Economists could offer little in the way of clarification, with venerated scholars falling on both sides of the debate. This failure of economists to agree on the issue leads some in the public to suppose that economists are incompetent, or perhaps worse, politically motivated.

The truth is that economists have struggled to answer the question, “What effect does an increase in government spending today have on output in the future?” In economics, this effect is called the government spending multiplier, and unfortunately for those of us who would like certainty on the matter, there are major challenges associated with measuring it. An appreciation for these challenges should explain why competent scholars can hold widely different opinions about the effect of government spending on output.

Measurement Challenges
Problems with measuring the government spending multiplier begin at the outset—with the way the question itself is phrased. At first, it seems like a natural question, but in fact it is far too general.
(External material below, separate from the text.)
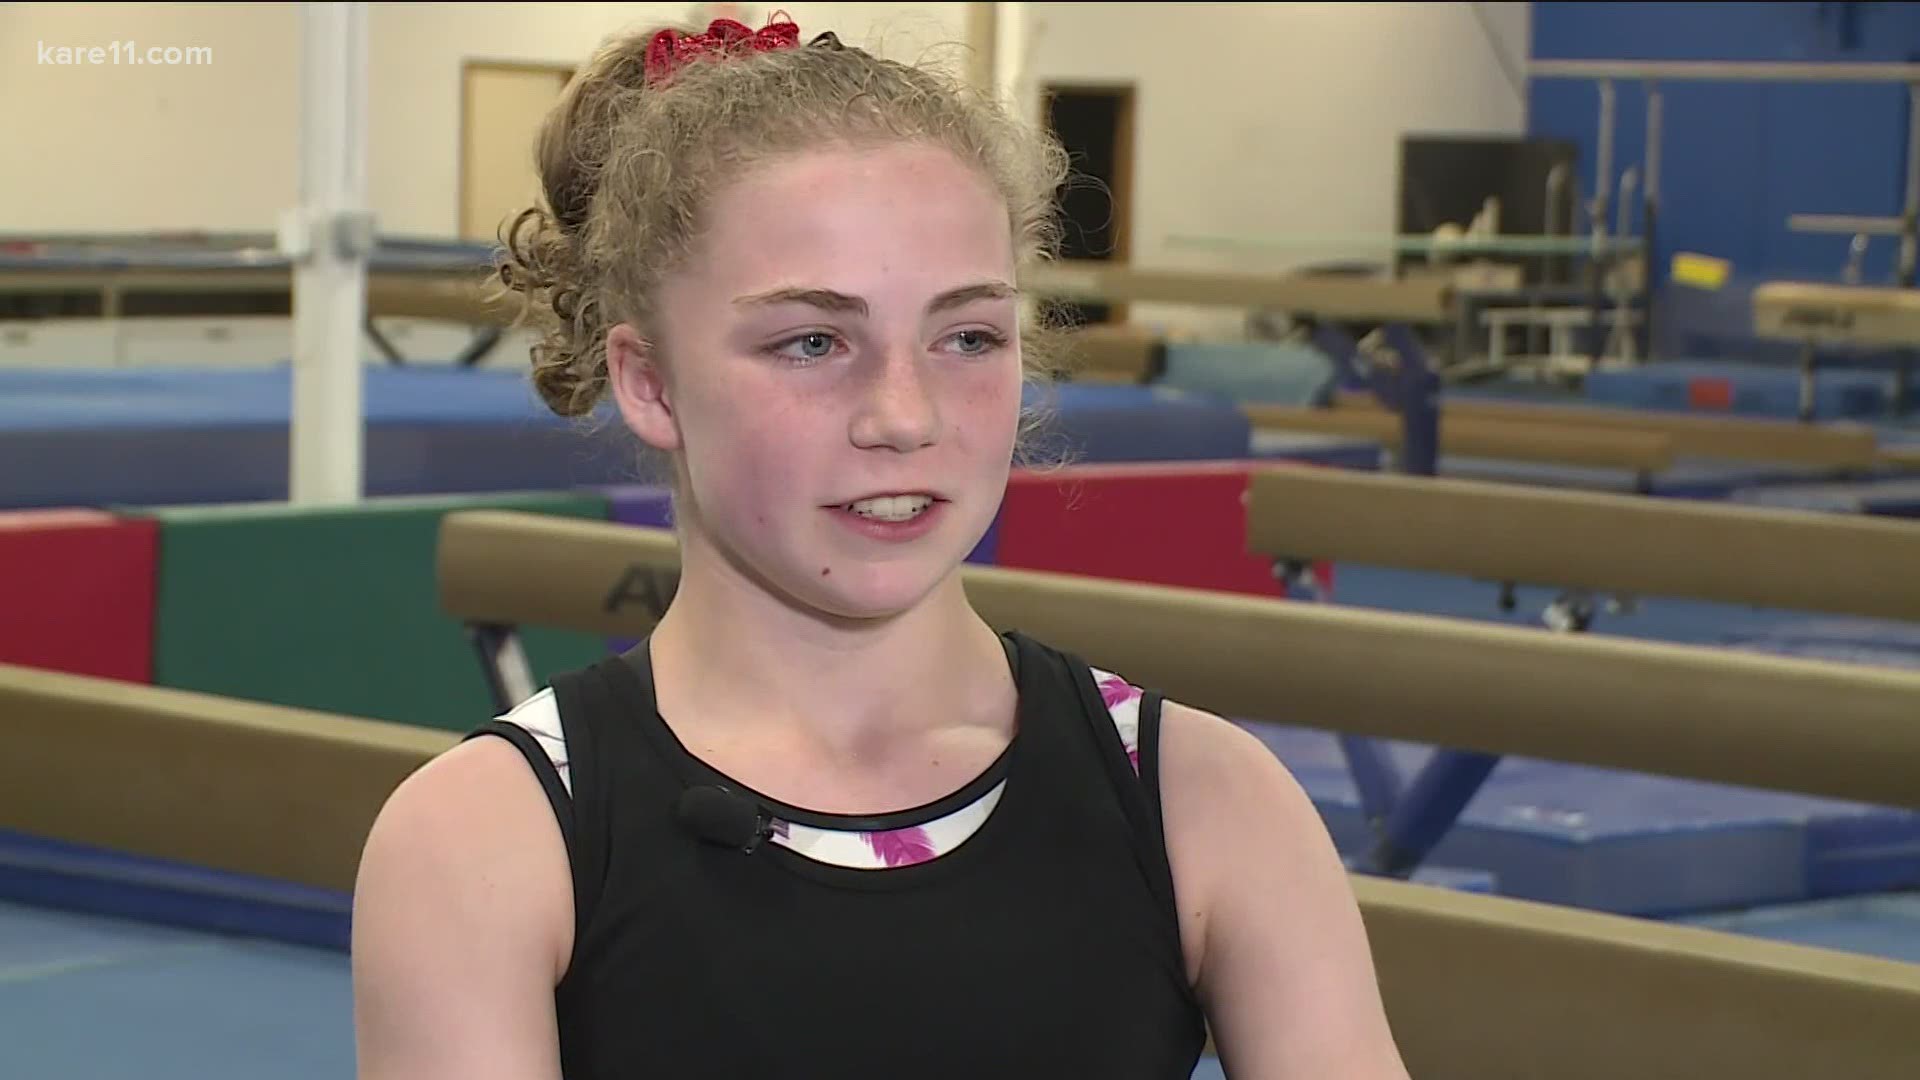 As Sunisa Lee prepares for Tokyo, her former coach gives inside look inside Midwest Gymnastics Center, where it all began.

For starters, it is presumptuous to speak of “the” government spending multiplier as if there is only one. Because a change in government spending is likely to influence output over multiple periods in the future, separate multipliers could be created for each period. To calculate the appropriate multiplier, should we look at how much output changes one quarter in the future? One year? Five years? There is no universally accepted answer. Some studies report a collection of multipliers over a specific time period (for example, a multiplier for each quarter up to three years). Others average these numbers or report a range.

Taking a stand on timing is not sufficient however. One must also consider what type of government spending is increased. Surely an increase in military spending or spending on equipment will have a different effect on future output than an increase in infrastructure spending, education, or research. In practice, stimulus programs contain a mixture of spending types, so no two episodes are exactly the same. Most theoretical studies look at just the total level of spending and ignore these different uses. A few have separated government spending into spending on consumption goods (like automobiles) and spending on investment goods (like infrastructure).
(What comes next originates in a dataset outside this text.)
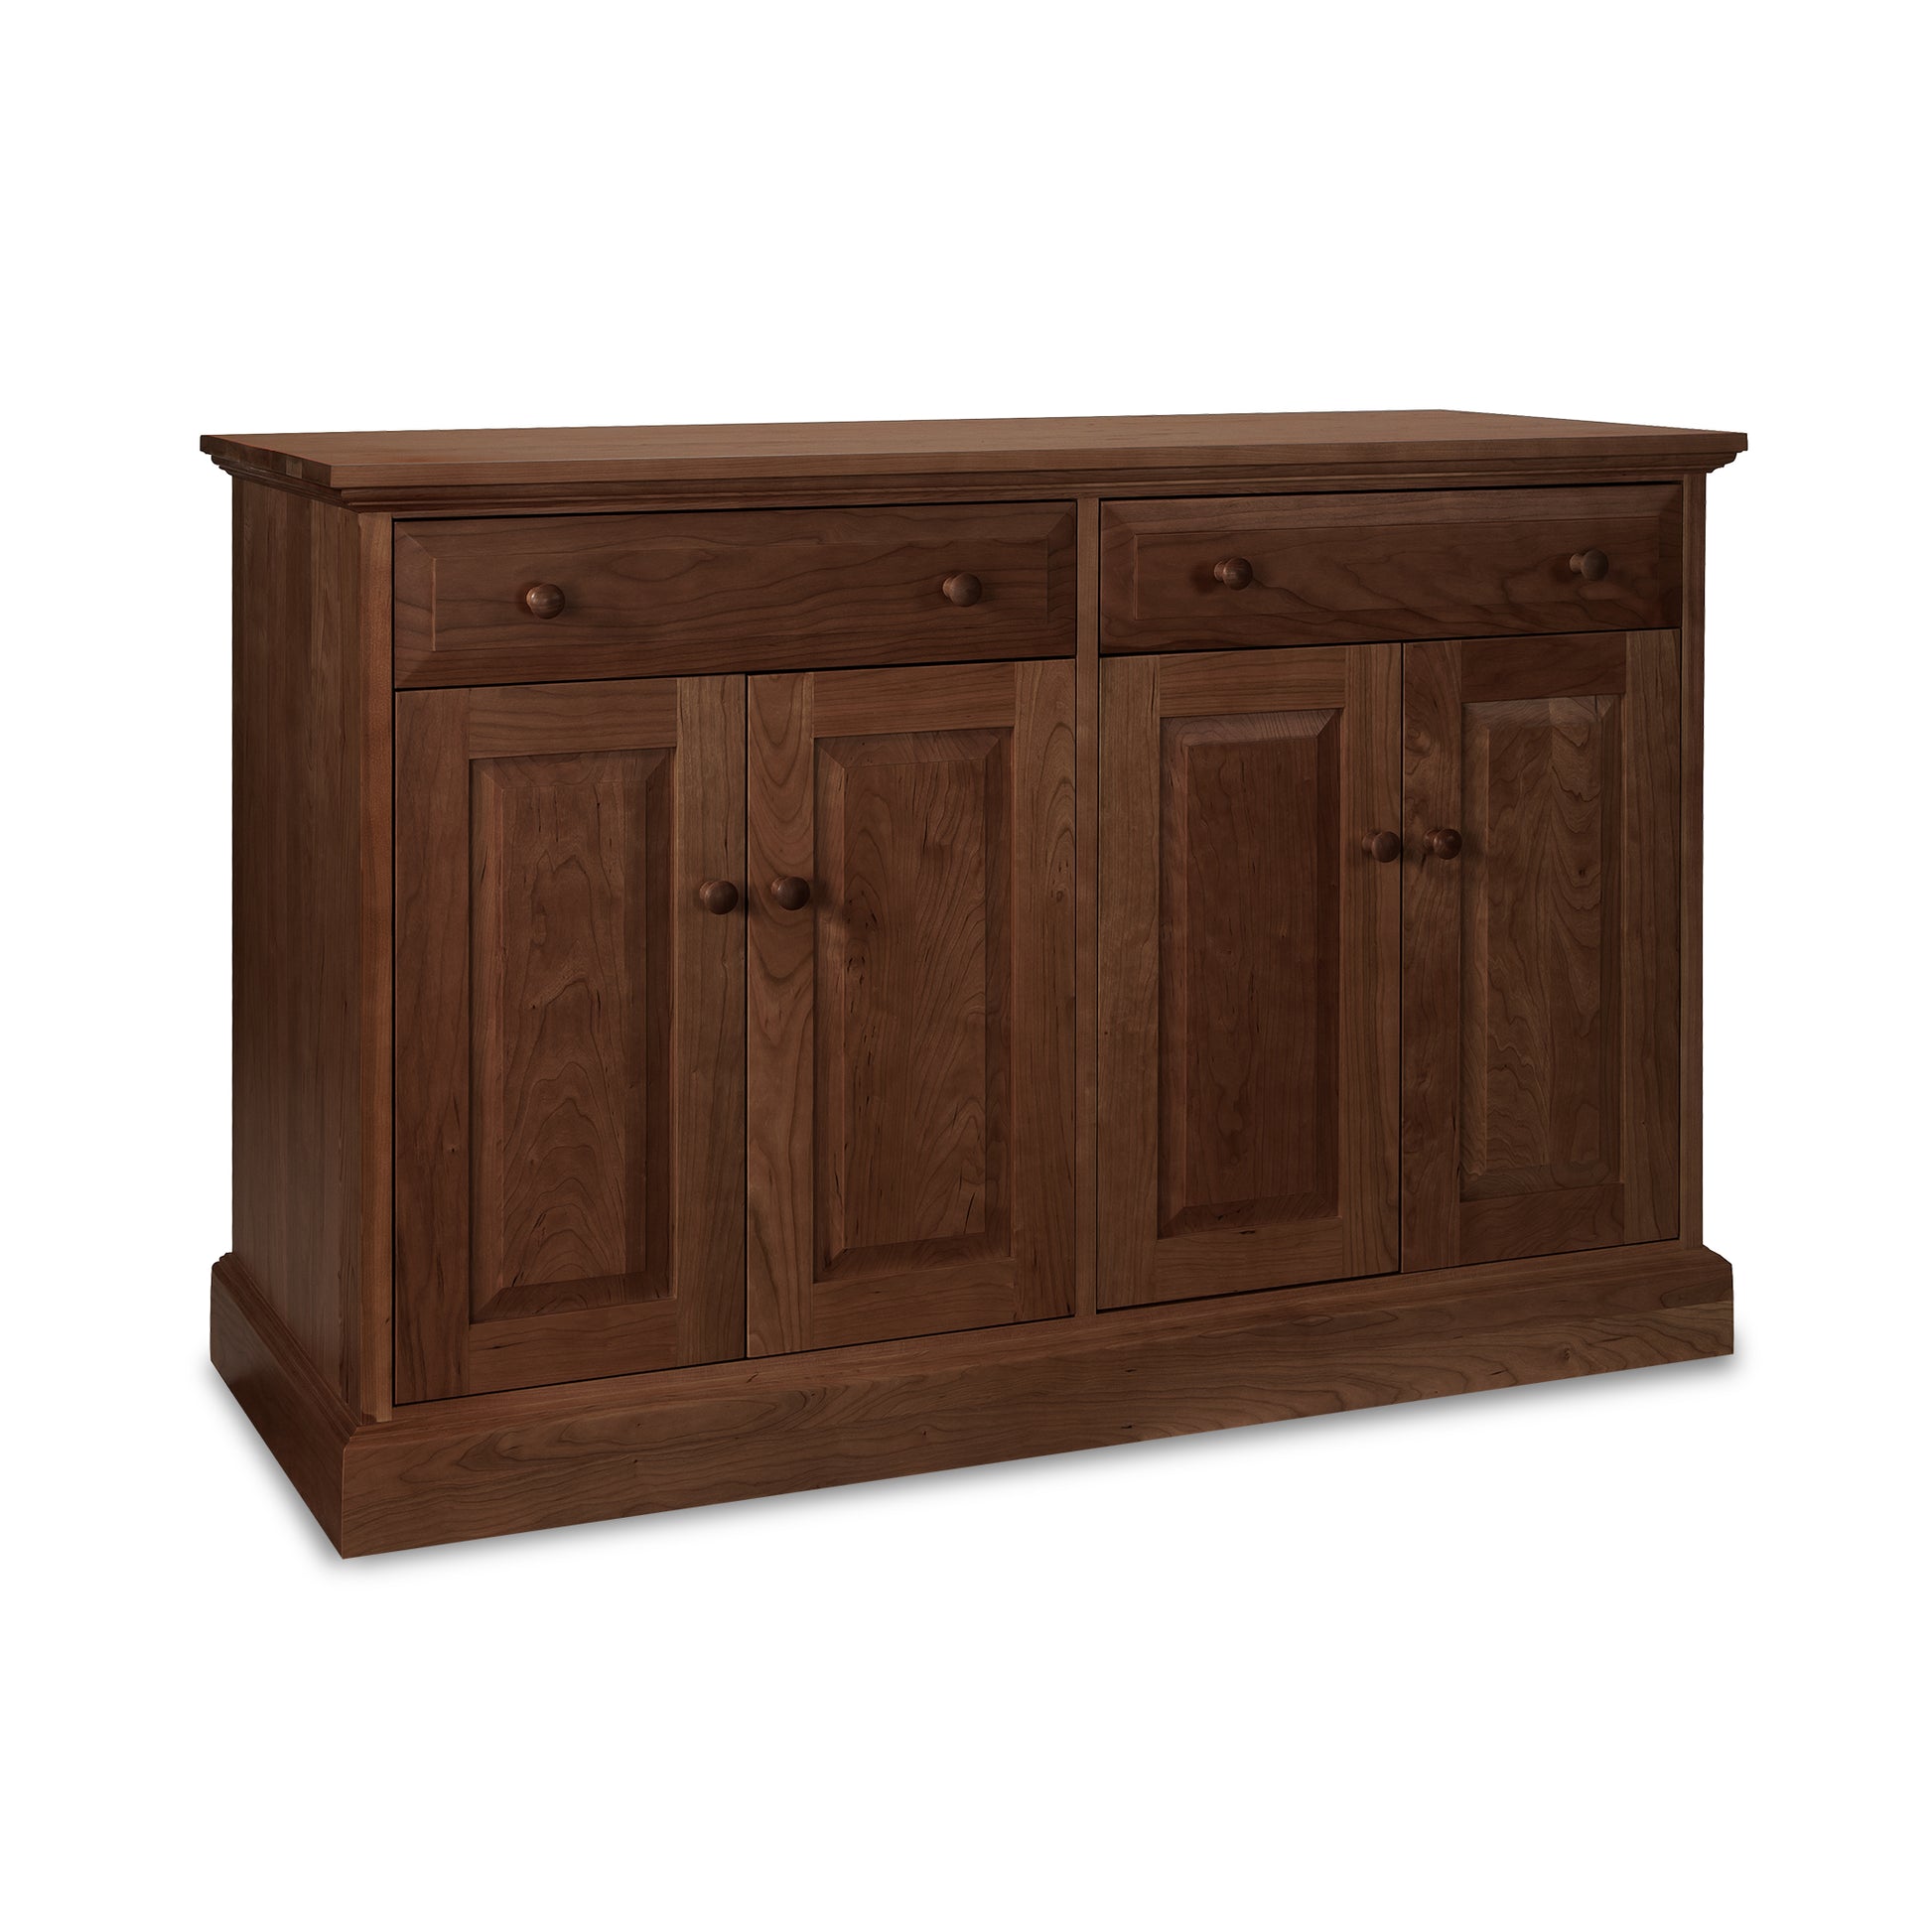 A New England Shaker Buffet by Lyndon Furniture, with two doors and two drawers, perfect for dining room storage.

Our best estimates of the multiplier also depend upon a number of crucial assumptions about the environment in which the spending takes place. Is the economy in a recession? How is spending financed? How is contemporaneous monetary policy conducted? Are markets efficiently allocating resources, or is there room to improve the allocation? How are other countries responding? These are just a few of the important questions about context that affect the size of a multiplier.

Estimating the Multiplier Theoretically
The theoretical approach to estimating the government spending multiplier begins with a model. A model is a simplified representation of the economy designed to mimic aspects that are critical for answering a specific question. A good model includes as few variables as possible, but it must reproduce salient features of the data. A model that fits these criteria can be used like a laboratory to contemplate the circumstances under which government spending would boost GDP.

Models designed to address questions about the government spending multiplier have at least three fundamental components: utility-maximizing households, profit-maximizing firms, and a government. Households have an objective to maximize their utility over a given time horizon, subject to their lifetime budget constraint. That is, their goal is to obtain their most desired mix of goods over time while respecting their budget in every period. A typical budget would include wage income, income from savings, and transfers from the government.

Firms seek to maximize profit by employing workers and capital to create consumption goods, which households, the government, and, in some models, foreign consumers purchase. They also create new capital for use in future production.

The government’s objective varies widely across models. Often it is left unspecified. In this case, the government mechanically raises tax revenues or issues new debt to cover its expenditures in each period. Typical expenditures are transfers to households, payments on outstanding debt, and spending on consumption or investment goods. Only this final activity constitutes “government spending,” and often in models it is set by the researcher and is not determined by interactions of the other parts of the model. Typically, it is set to vary randomly around some trend.

A model containing the ingredients above will lead to the following basic macroeconomic identity, an expression which describes the relationship among the components.

GDP Supplied = Consumption + Investment + Government Spending + Net Exports.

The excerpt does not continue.